Here’s a question for the more experienced devs out here: What are some tips you have for how I could go about in making a point-and-click adventure game (like the games Double Fine releases) in Defold?
I’ve made some point-and-click adventure games before with other tools and langauges (all for fun - I love games like King’s Quest). Using Defold would make some things very easy and fast.
Using Spine would be a very good idea. Broken Age used their custom tech, but you can create similar animations and effects with it. I’ve watched some of the talks by their devs and their tools are impressive but I think they went a little overkill than was necessary. Spine is more than enough to make great characters.
Showcase Forum look at what can be done with Spine - tons of super impressive animations and styles, many which fit the adventure game aesthetic - so you know it’s possible.
You’ll need backgrounds - they could simply be flat images, or you could layer spine objects as scenes. So you could have animated grass - things that could have animations play when you click them.
For moving around / having hit detection you could use tile maps for defining areas that can be walked on.
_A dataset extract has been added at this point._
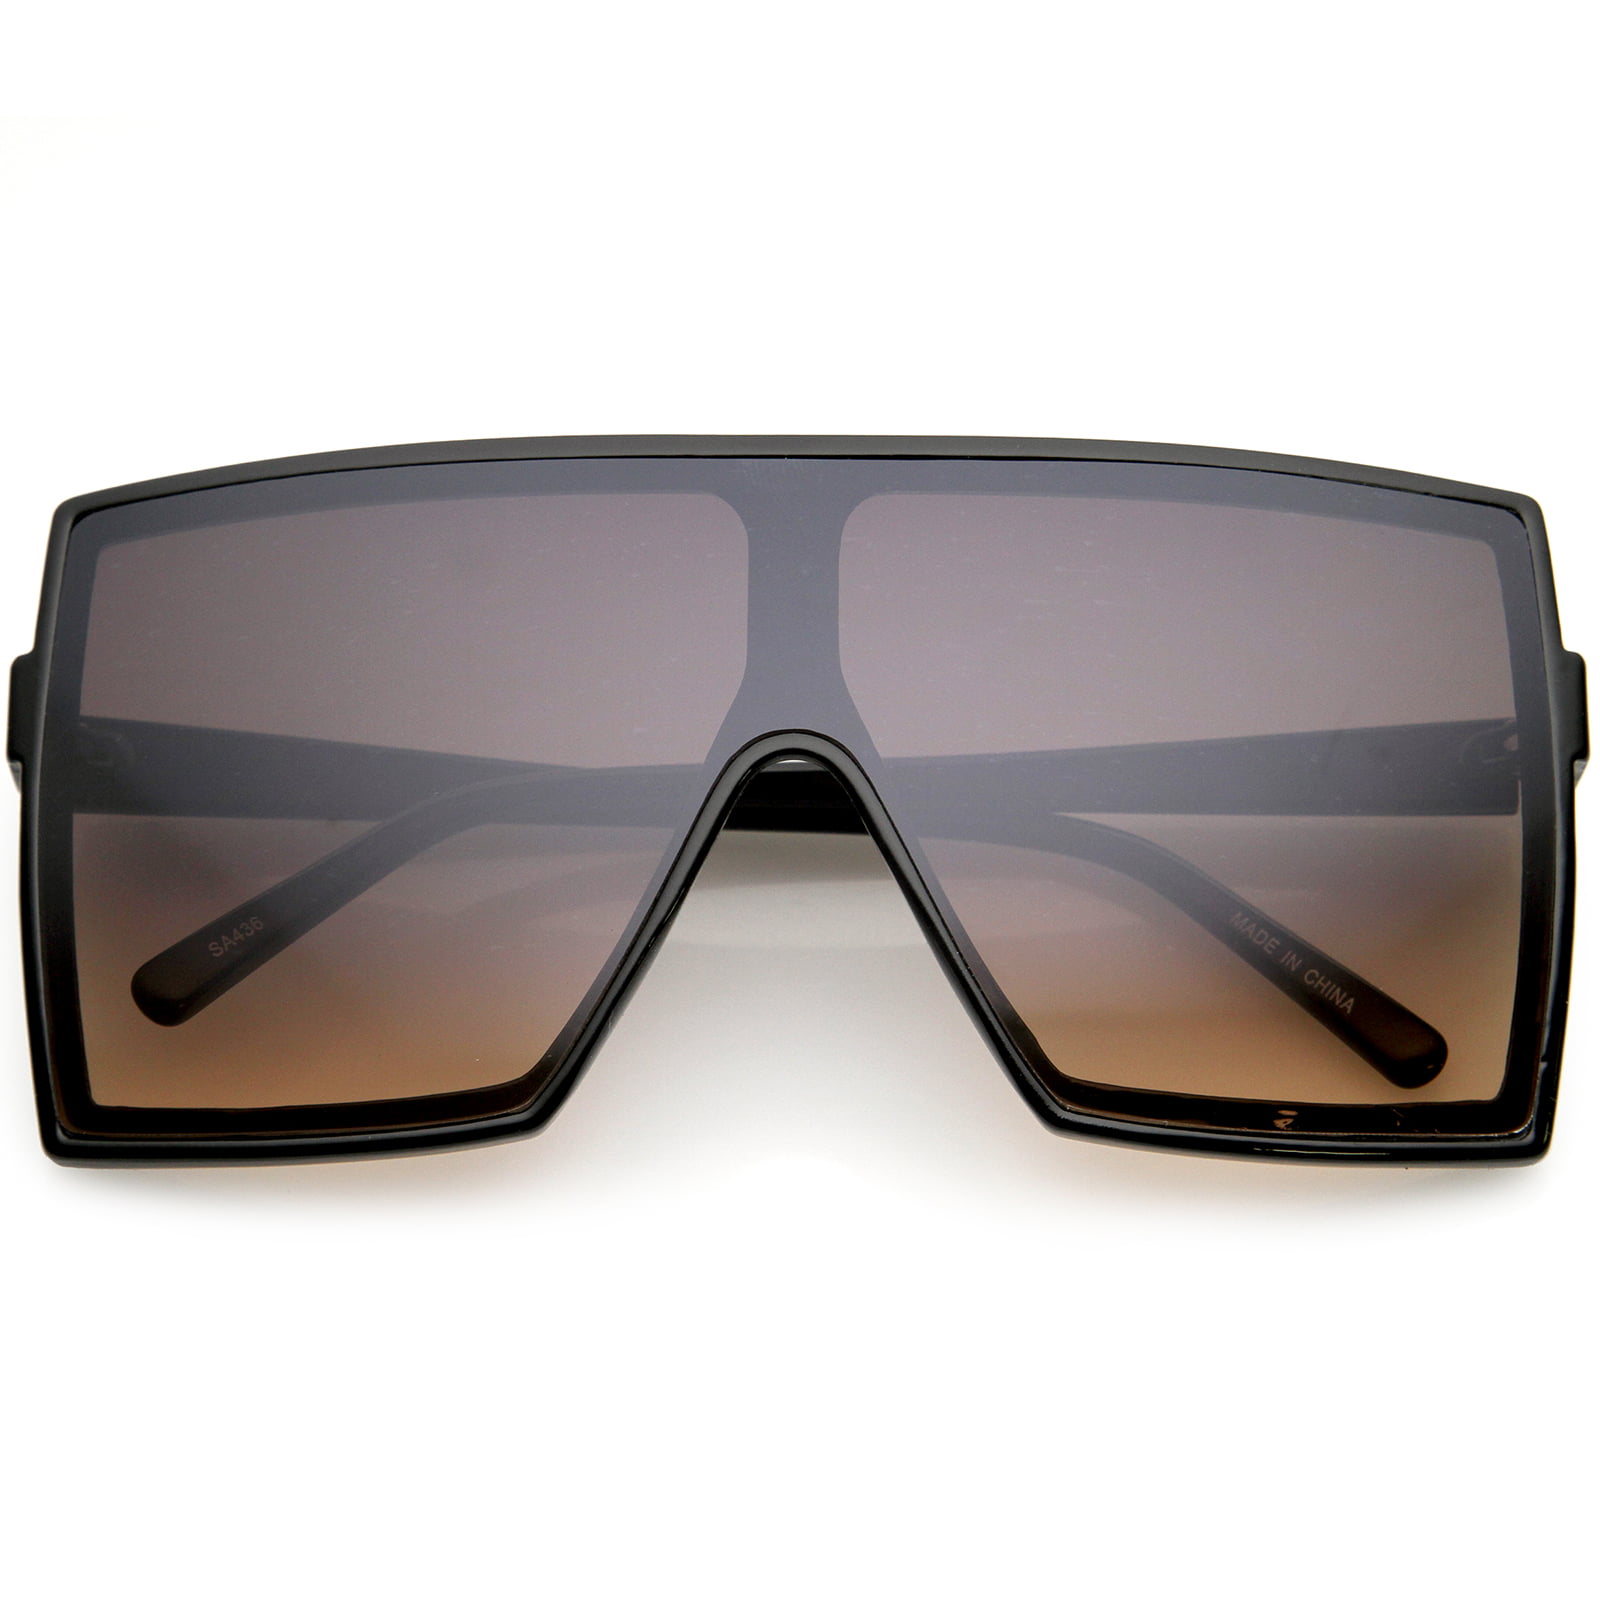 Sunglassla Unisex Retro Horn Rimmed Square Lens Half Frame Sunglasses 53mm Tortoise Gold

You can use collision objects to check for some events.
You can look at some of the other engines already made and optimized for making this kinds of games, and reference their features and design patterns on how to implement different things with Defold
It can absolutely be done. It would be more useful if you broke it down in parts and worked on figuring out how to do each. Make a basic design - like say you want to make a game like Broken Age in terms of gameplay - and figure out how to do one thing, and then go from there. Something like character dialog conversations maybe.
I’d also look at any adventure game work done with LOVE/Lua as a large amount of that work can be referenced to speed up your work with Defold, and give you good ideas on solving problems more quickly.
I appreciate your helpful response. I’ll consider Spine with the Lua runtime to integrate those character sprites with Defold.
I absolutely want to use Defold as the engine, though. I don’t want to look for another IDE.
I understand that, collision detection, physics, and character control-wise, I can program the game like a 2D platformer in Defold, with side scrolling backgrounds.
You can use collision objects to check for some events.
I’m curious about that. So if my character collides with an object in the environment, I can trigger an event? How might that work if the collided object is a usable object in the game, and the event is putting that object in the inventory? And then taking an object from the inventory, using it with something else in the environment to trigger an event typical of how an adventure game progresses?
You can use collision objects just for hit detection without doing full physics simulations.
You can have multiple collision objects on a game object. So you could detect putting an item on a character’s head or in their hands for example.
You may want to build a waypoint based path editor for scripting movement of NPCs if you want that. You may need to build a few tools like this to speed up dev instead of putting data into files manually.
If you are say taking an item from your inventory and trying to find a use for it that would be a special icon version of it and not necessarily the version that would be found in scenes. You would need to build lists of possible actions and then check them based on IDs / hashes when your player attempts to use items on stuff.